The reality is that it’s not anymore. It’s how the core of your business value is delivered. Sadly, when you finally convince the powers that be to allow you to refactor it into your beautiful design pattern of choice, you realize something. It’s going to take you weeks to fix. During these weeks, almost every new contribution is going to touch parts of the code that you’re refactoring to not touch the ‘bad place’ in the code. You have a problem with your ideal workflow; if you refactor into your own little cutsie branch, you will be forced to commit seppuku when you realize that you’ve refactored code that has changed dramatically and you need to spend more time refactoring that code. Like the runner in Greek philosophy who always traverses half of the distance to his destination each quantum of time and never gets there, you will always disappoint your superiors because the refactor will always be slowed by ‘actual work’(TM).

The alternative is to make small changes and merge it into the main branch. You’ll have inconsistent use of the feature you’re fixing, but you can break people’s kneecaps if they introduce the old way of doing things into the code you’ve already touched. This has the difficulty that you must watch every merge, and double-check work that you’ve painfully refactored. If the semantics of a place that your change touches has changed, it is unquestionably your job to fix that. Can you keep the meanings of control flow of an entire 100,000+ commit project in your head? If so, stop reading this blog post and write me a better software ecosystem. If you’re a mere mortal, then you realize that the only way to accomplish a poor attempt at vigilance is to enter crunch time. It will suck until you’re done, but that’s your fate. So you keep working, you get to the home stretch, and then suddenly you need to deliver business value beyond a refactor. The bugs beseech you.
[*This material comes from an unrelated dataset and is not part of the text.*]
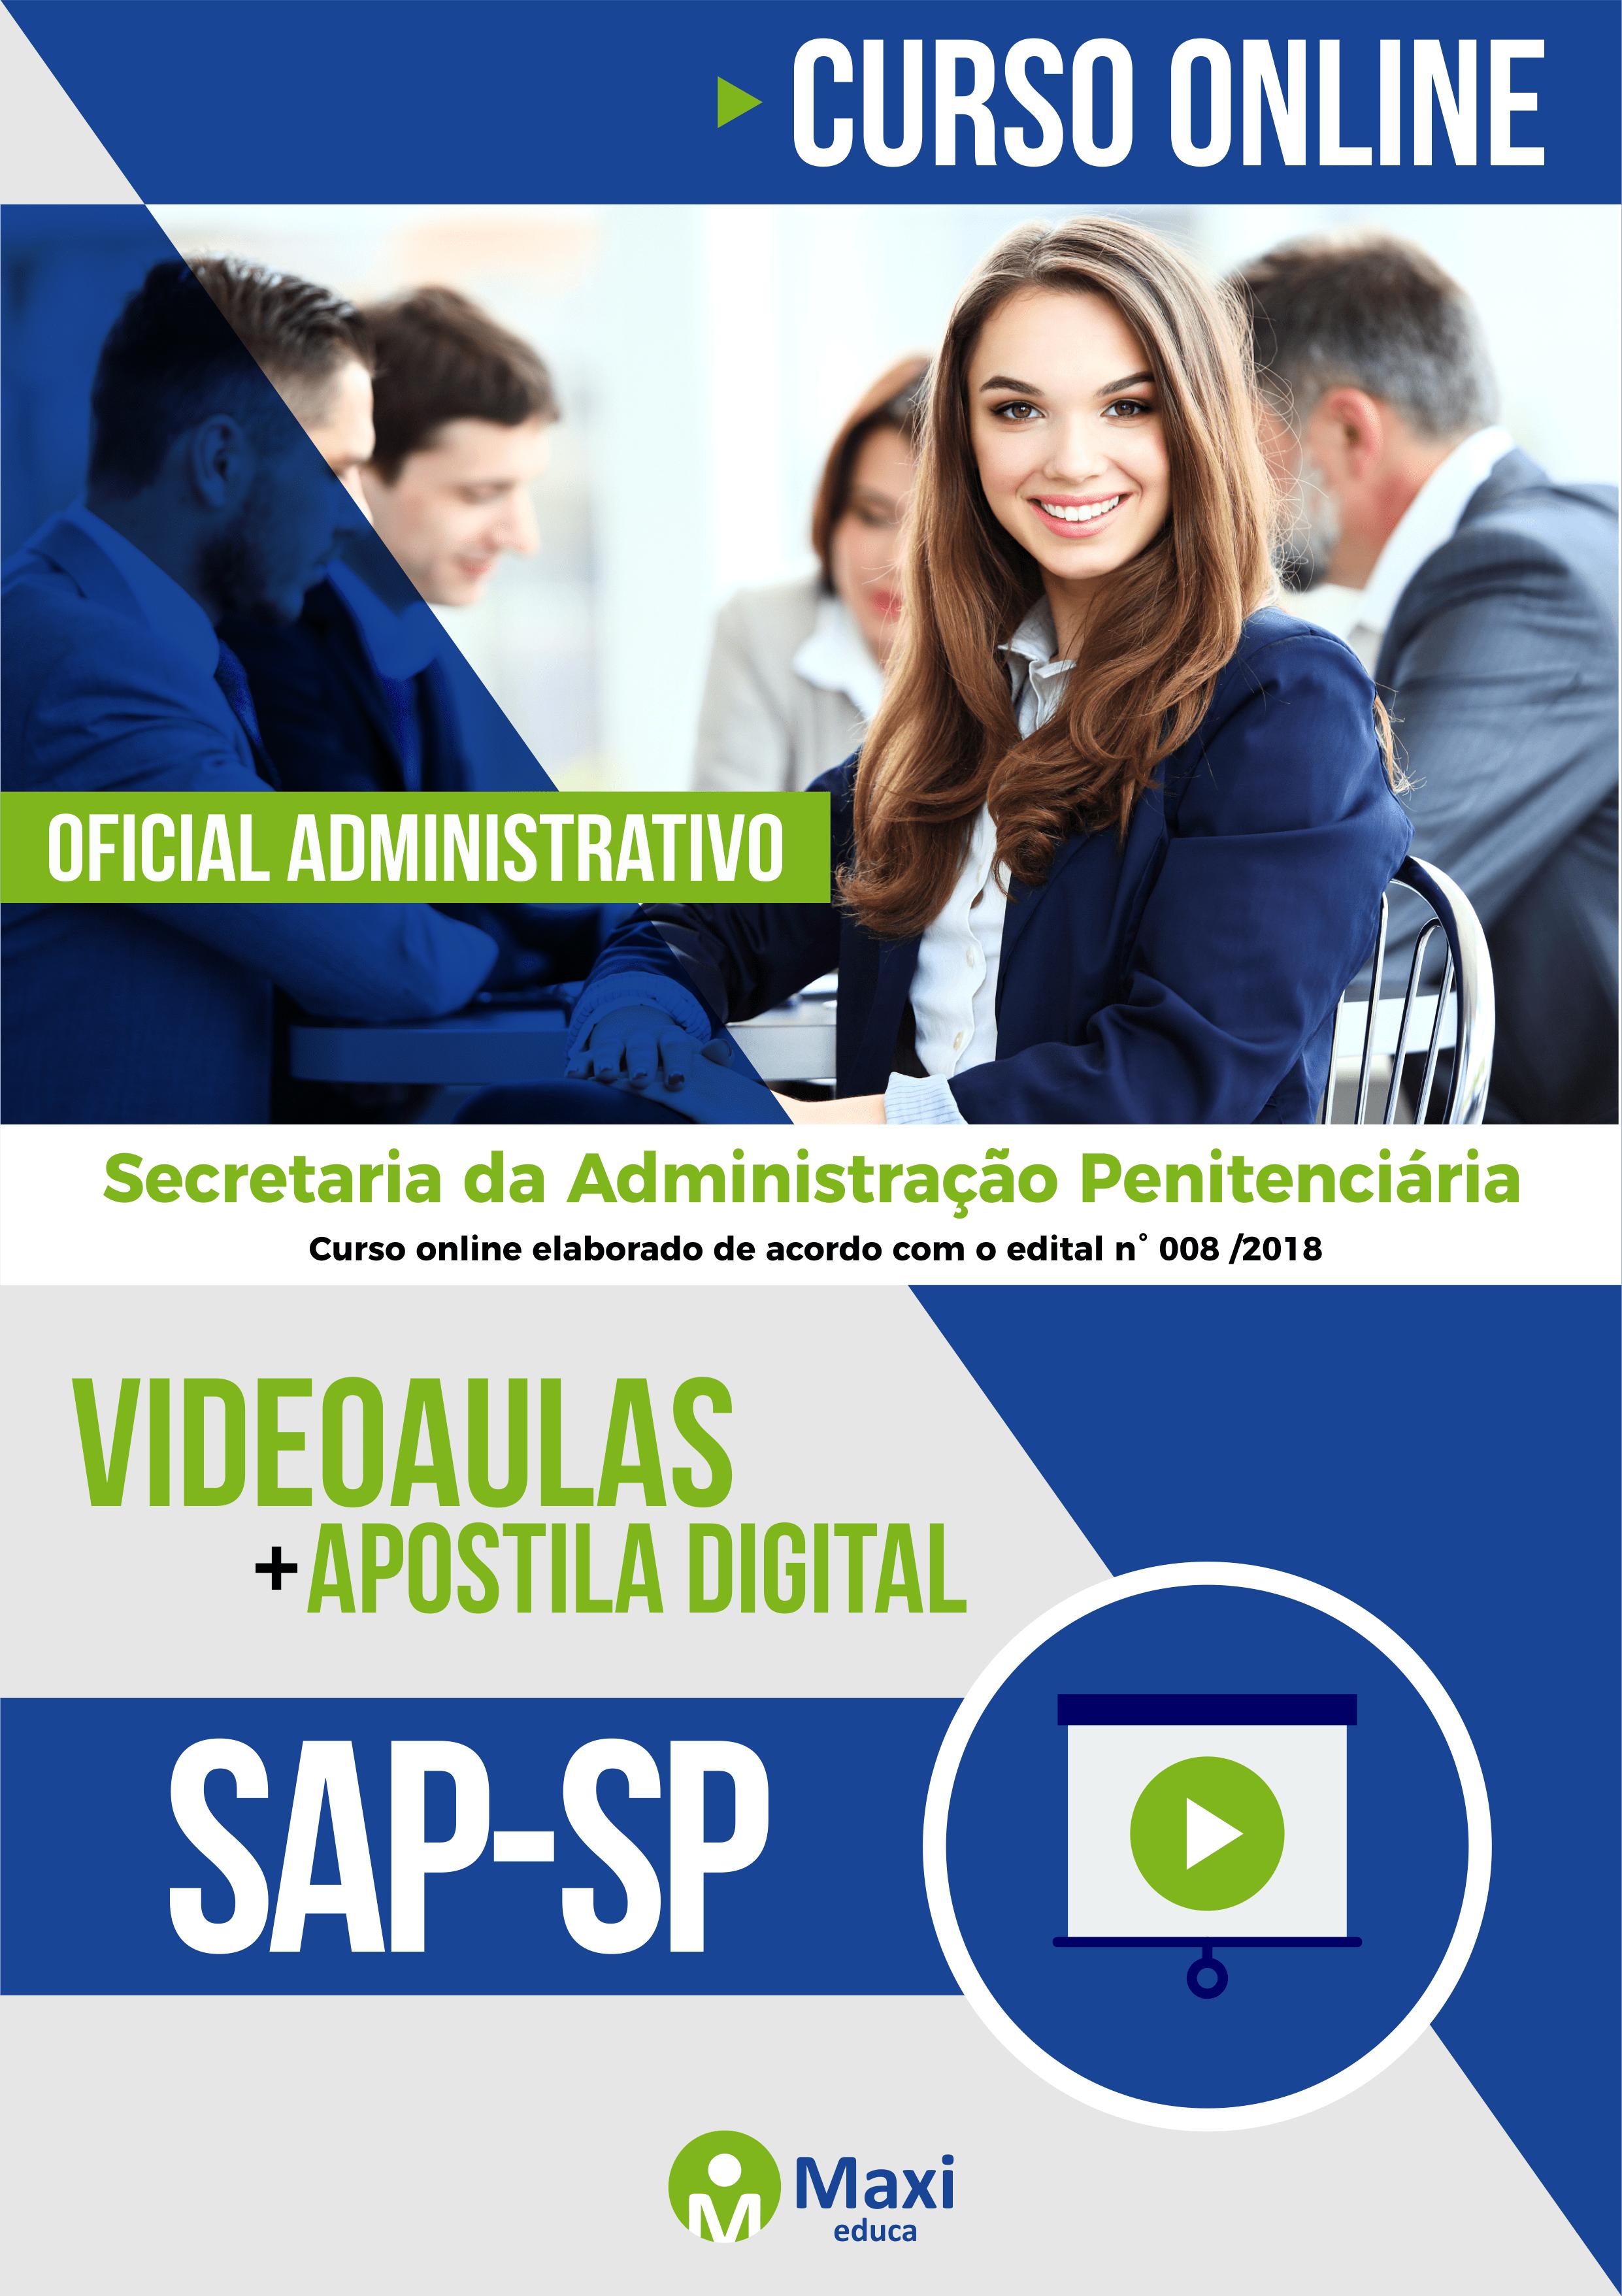 SAP-SP - Secretaria da Administração Penitenciária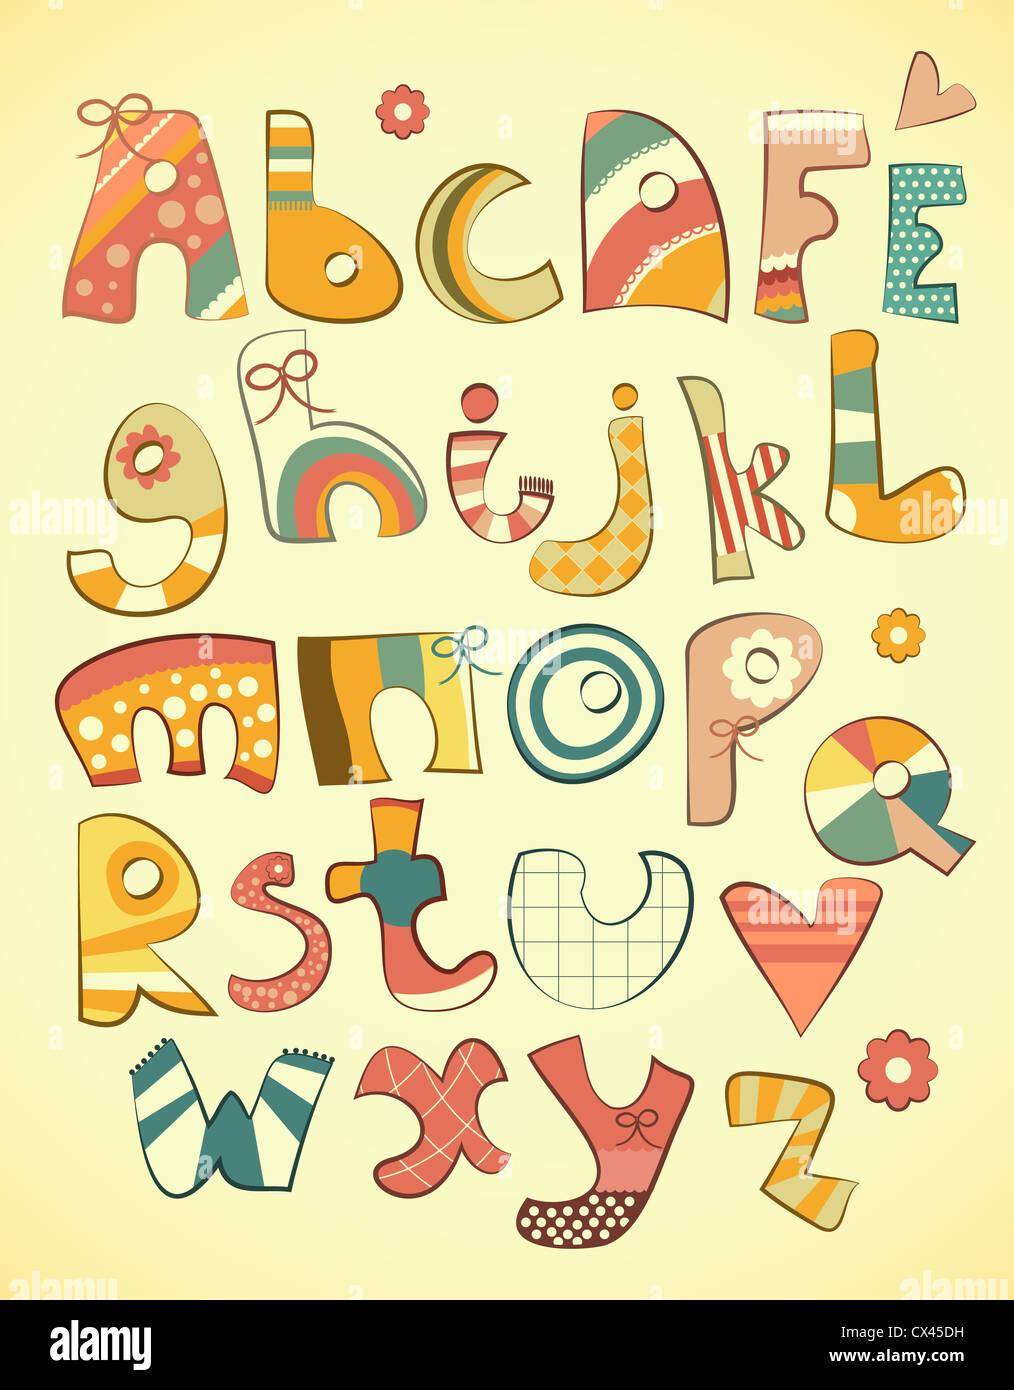 Alfabeto design in divertimento stile doodle lettere A-Z - illustrazione Immagini Stock

This is the lava anti-pattern. You have a codebase about 95% converted from one convention to another. In the worst case, your new refactor is a layer on top of the old paradigm. Whenever someone tries to write new code, they feel like they should choose between a ‘high-level’ api or a ‘low-level’ one. They’ll spend as much time on the ‘high-level’ one as it takes to get a new email notification. They’ll use the ‘low-level’ one, and now you’ll need to break those kneecaps. In the best case, it’s a change so irreconcilable with the old system that any time someone tries to choose between which system to use, they ask someone out of fear and confusion. Your project becomes scary and confusing, but consistent.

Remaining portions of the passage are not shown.